Eindringlich, aufwühlend und zugleich unsentimental schreibt Ljuba Arnautovic in ihrem Debüt über eine Frau, deren stilles Heldentum unerkannt bleibt, deren beharrlicher Einsatz für das Richtige aber letztendlich Früchte trägt.Genofeva arbeitet in der Kanzlei des Oberkirchenrats in Wien. Es ist das Jahr 1944. Niemand ahnt, dass sie in ihrer Wohnung über Monate hinweg Menschen versteckt. Niemand weiß auch um ihre politische Vergangenheit, die sie selbst in größte Gefahr bringen könnte. Sie muss ihren Schmerz und ihre Einsamkeit verbergen: Beide Söhne befinden sich seit Jahren in der UdSSR und der Kontakt zu ihnen ist abgerissen. Ihr Mann ist längst in Australien und damit in einem anderen Leben angekommen. Eines Tages trifft Genofeva, die sich Tante Eva nennen lässt, auf Walter. Auch er muss schließlich in ihr Versteck fliehen. Dort kommen sich die zwei verlorenen Seelen näher.

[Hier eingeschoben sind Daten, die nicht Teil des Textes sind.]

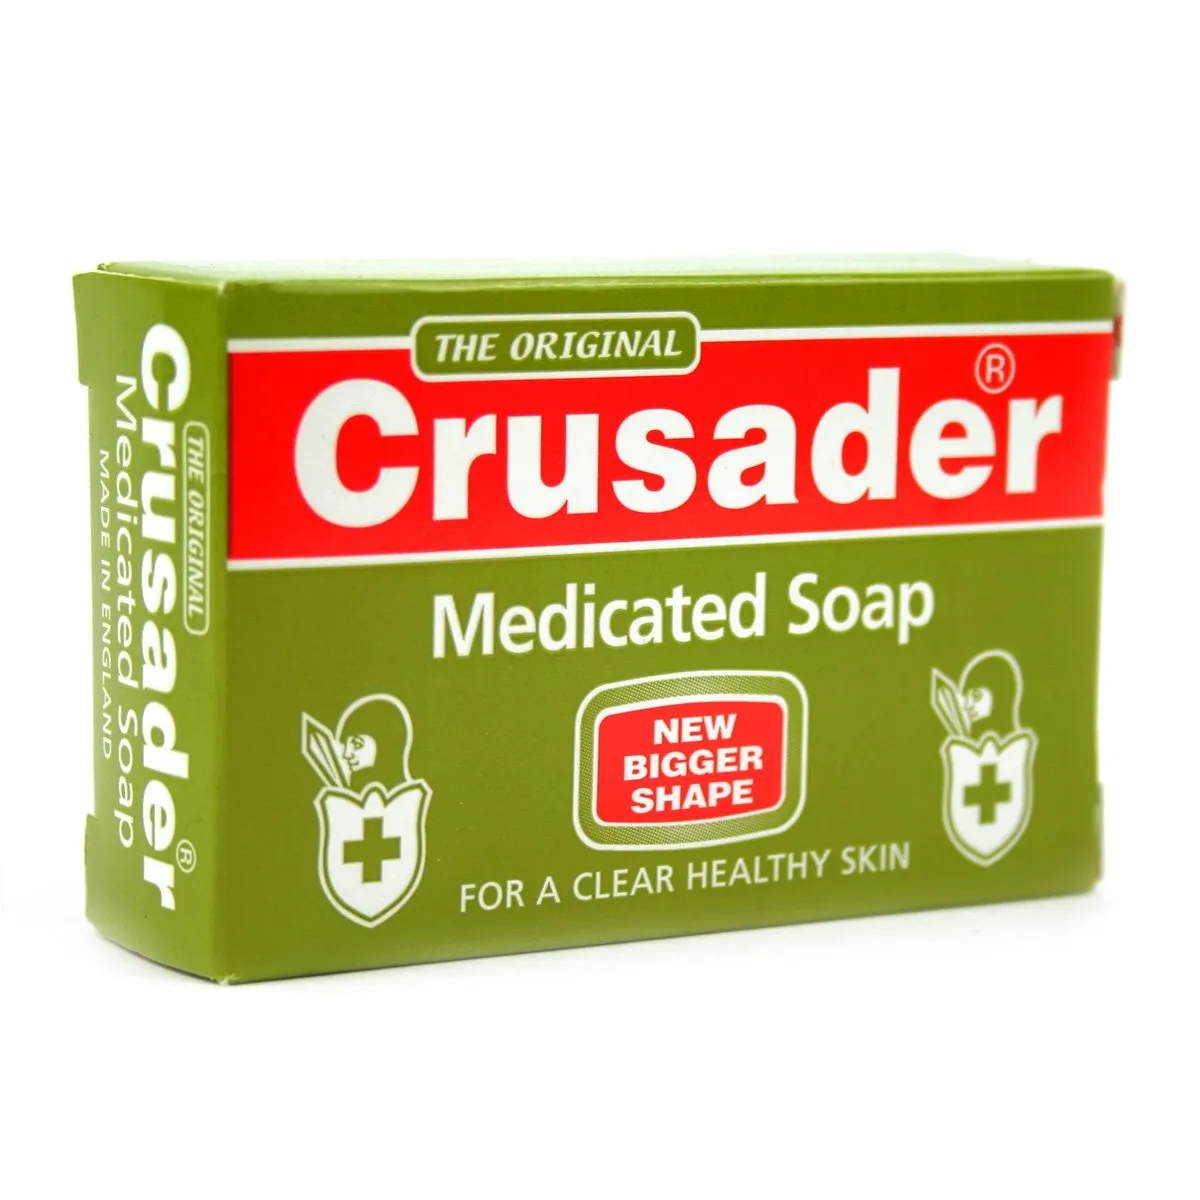 How to Know Original Crusader Soap

Perlentaucher-Notiz zur FR-Rezension
Norbert Mappes-Niediek lernt mit Ljuba Arnautovic Wien als Metropole eines multinationalen Reiches kennen. Die von der Autorin aufgefächerte Familiengeschichte, für den Rezensenten eigentlich Doku-Fiktion, denn die Autorin ist die Enkelin der Heldin im Buch, führt den Leser laut Rezensent tief ins 20. Jahrhundert und 19. Jahrhundert zurück, nach Tschechien und Bosnien und zu den Kommunisten und Austro-Faschisten. Dass eine einzelne Person so viel erlebt haben soll, kann der Rezensent kaum glauben, doch wie sich die Autorin anhand von Dokumenten in die Welt ihrer Großmutter hineinversetzt, findet er gelungen, respektvoll und empathisch und in der Sprache klar, auch wenn dem Text die psychologische Dimension fehlt, wie er anmerkt.